Mi patria y yo / My motherland and I

Aterrizando en Quito / Landing in Quito

Quito, Ecuador. Hace 12 horas que llegué. Cuando presenté mi pasaporte al oficial de migración, lo revisó, y al devolvérmelo amigablemente me dijo: “Bienvenido a la patria”. Agradecido, me retiré con la frase impregnada en la cabeza.

La patria es una imaginario tan poderoso y omnipresente en la cultura popular latinoamericana. Uso el término popular aquí en una dimensión mediática y de popularidad, no de clase social. “El que no ama su patria, no ama su madre” canta Residente en uno de los temas bandera de Latinoamérica, y aunque la canción es una pieza musical valiosa, el simil es totalmente desubicado: la madre da la vida por sus hijos, pero la “patria” espera que sus hijos den su vida por ella.

“Motherland” sería la palabra equivalente en inglés, y aunque no recuerdo escucharla tanto en conversaciones políticas con mis conocidos en otros idiomas, la palabra en sí también tiene una relación con la ‘madre’.

Qué peligro! La madre, como ideal, es representada en una o varias personas que evidentemente forman nuestra identidad y crean nuestro sentido de ‘ser’. Es una representación tangible, objetiva (aunque la madre como individuo es un sujeto, el ideal en sí, se convierte en una objetivización de ella). Sin embargo, la patria es un imaginario político que al objetivizarlo, ignora la compleja dinámica que representa el ser parte de muchas comunidades y de cómo estas co-existen entre sí. El objetivizar la patria la transforma en el pasaporte, al equipo nacional de fútbol, o en el ejército en una guerra.
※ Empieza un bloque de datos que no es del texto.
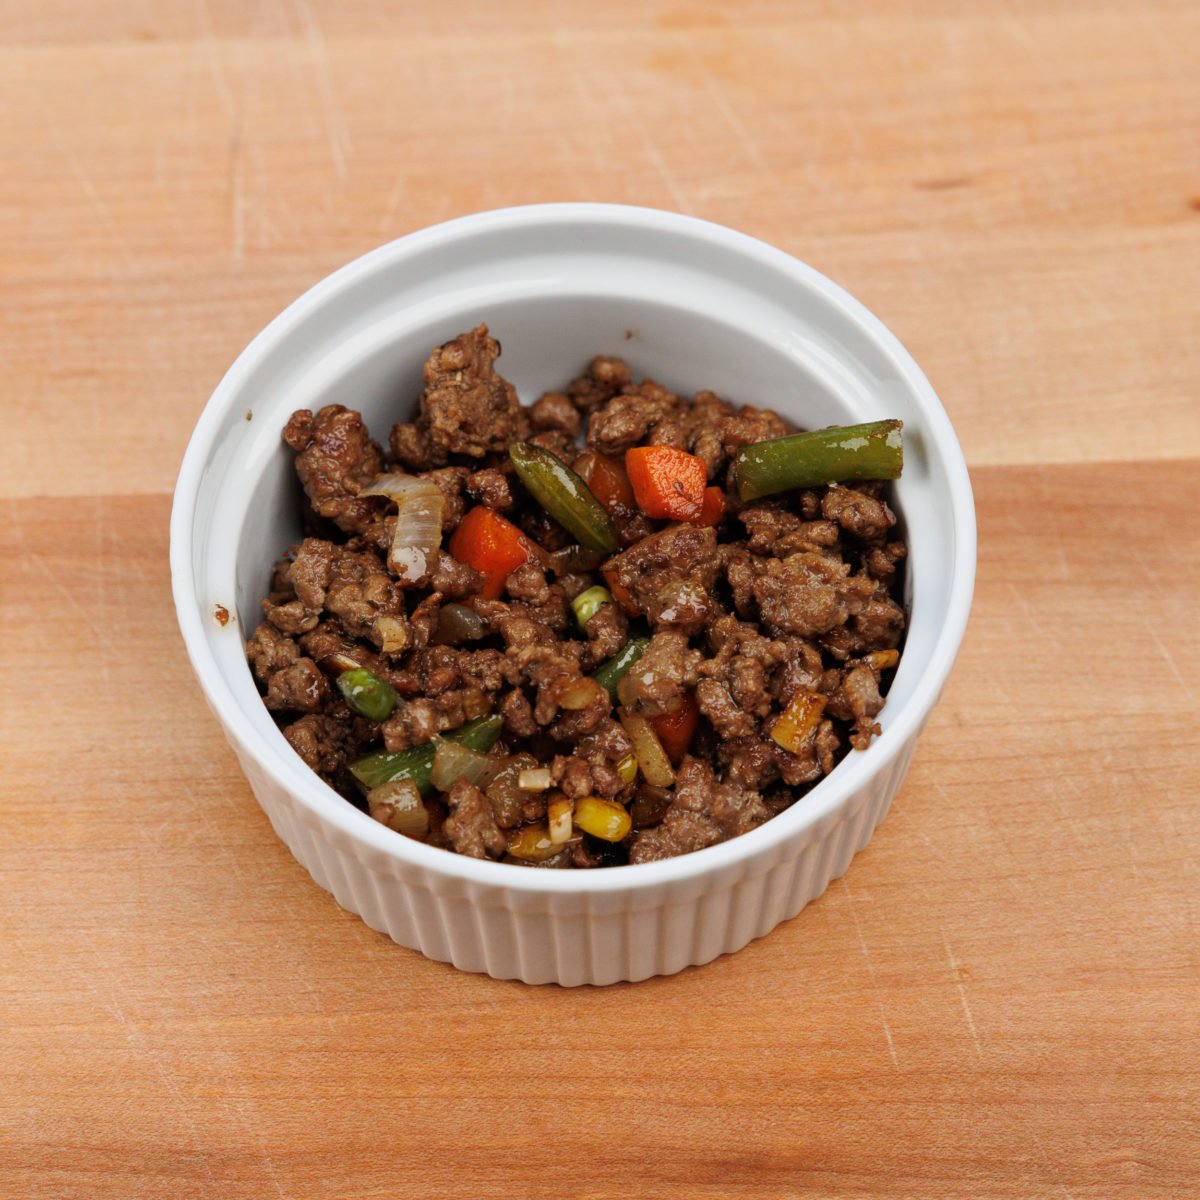 ground lamb and vegetables in a small ramekin.
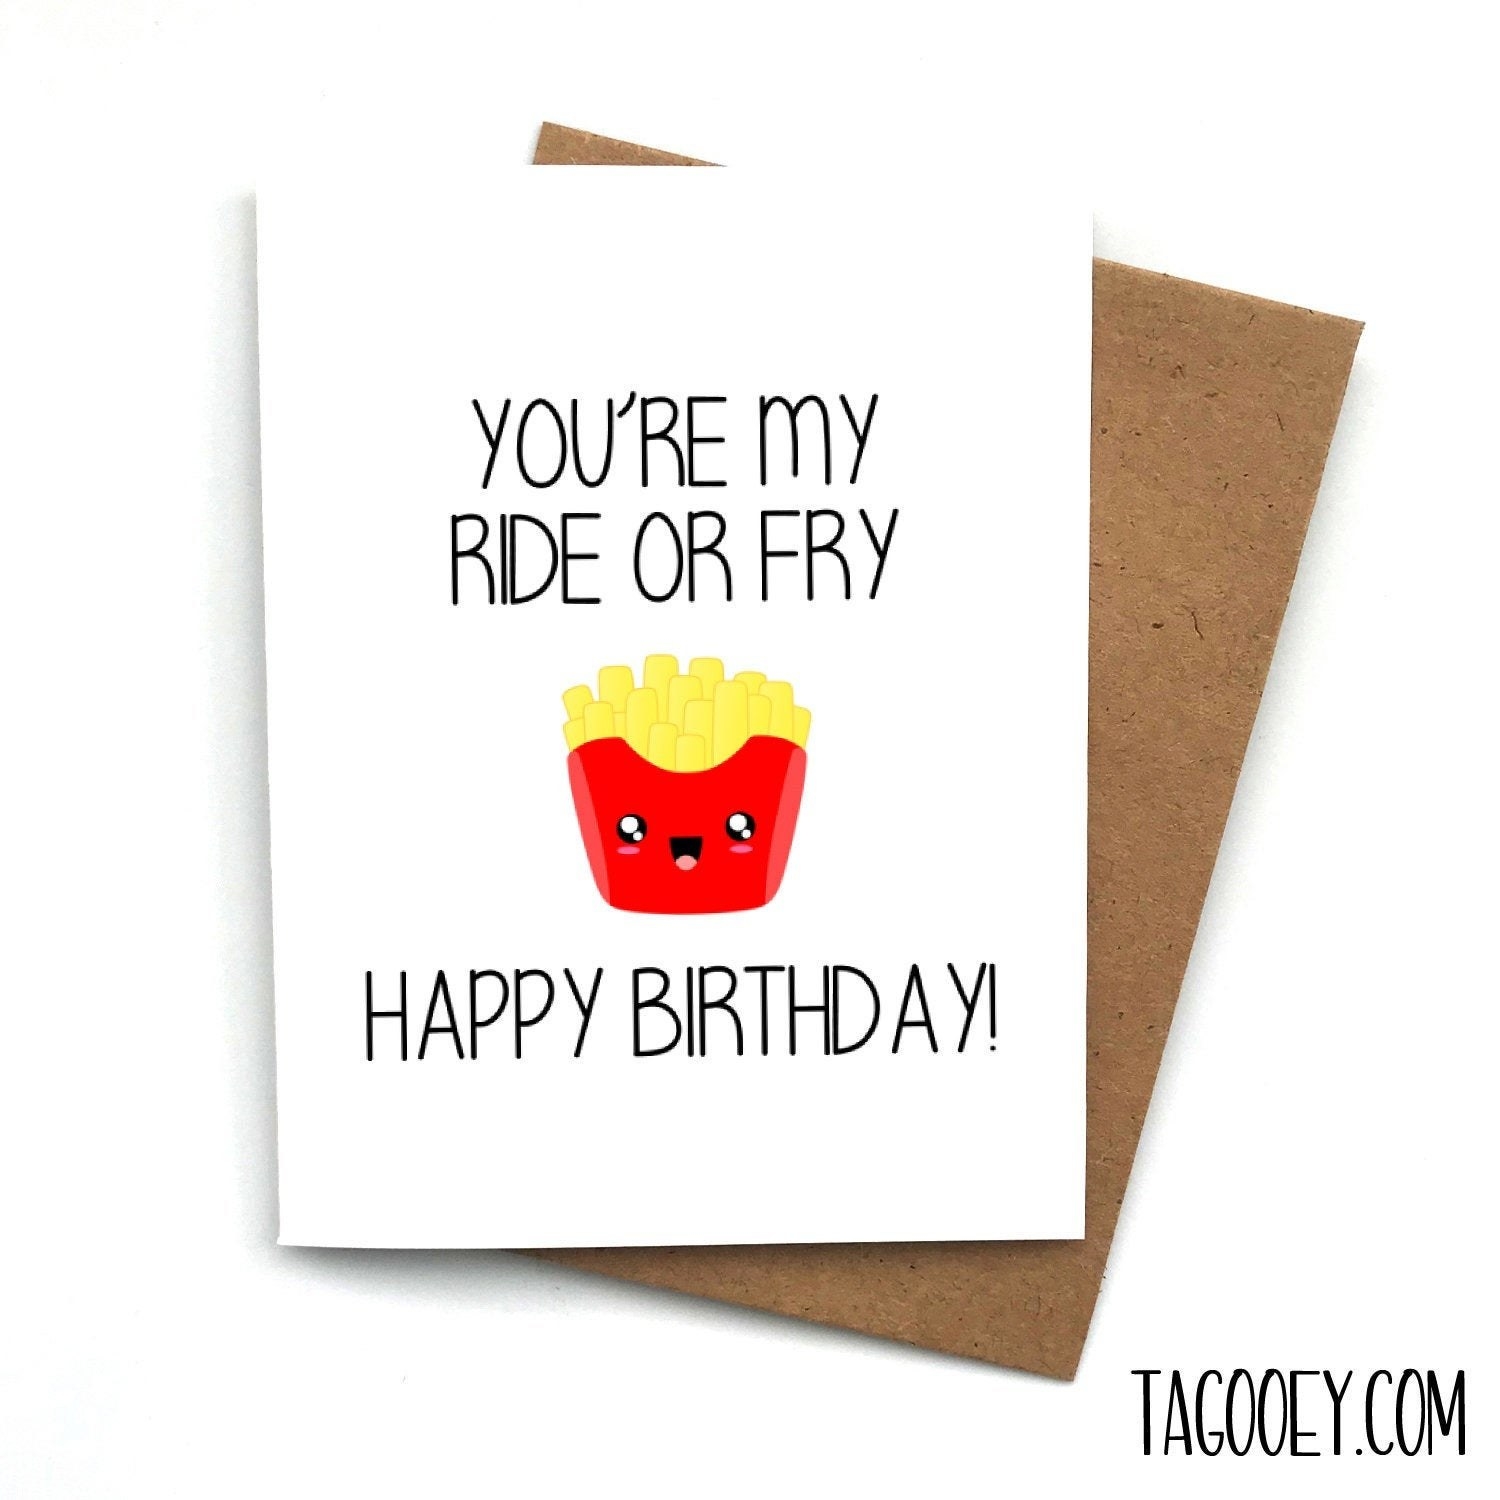 places-to-buy-birthday-cards-happy-birthday-flowers

Entonces, el oficial de migración no se equivocó pero tampoco estuvo en lo correcto. Cuál es mi patria? Fui hecho en Colombia, nací en Ecuador, pasé la cuarta parte de mi vida en Inglaterra, viajé por algunos países, viví una temporada en México, y por ahora estoy establecido en Alemania. El pasaporte con el que viajo es ecuatoriano; pero mi patria es la gente con quien esté, donde quiera que esté. Si tengo que entender a mi patria como mi bandera, me temo que hago eco de las palabras de Jorge Drexler:

Perdonen que no me aliste
Bajo ninguna bandera
Vale más cualquier quimera
Que un trozo de tela triste

ENGLISH VERSION

Quito, Ecuador. I arrived 12 hours ago. When I presented my passport to the immigration officer, he checked it, and very friendly gave it back to me saying: “Welcome to the patria.” Grateful, I left with the phrase impregnated in my head.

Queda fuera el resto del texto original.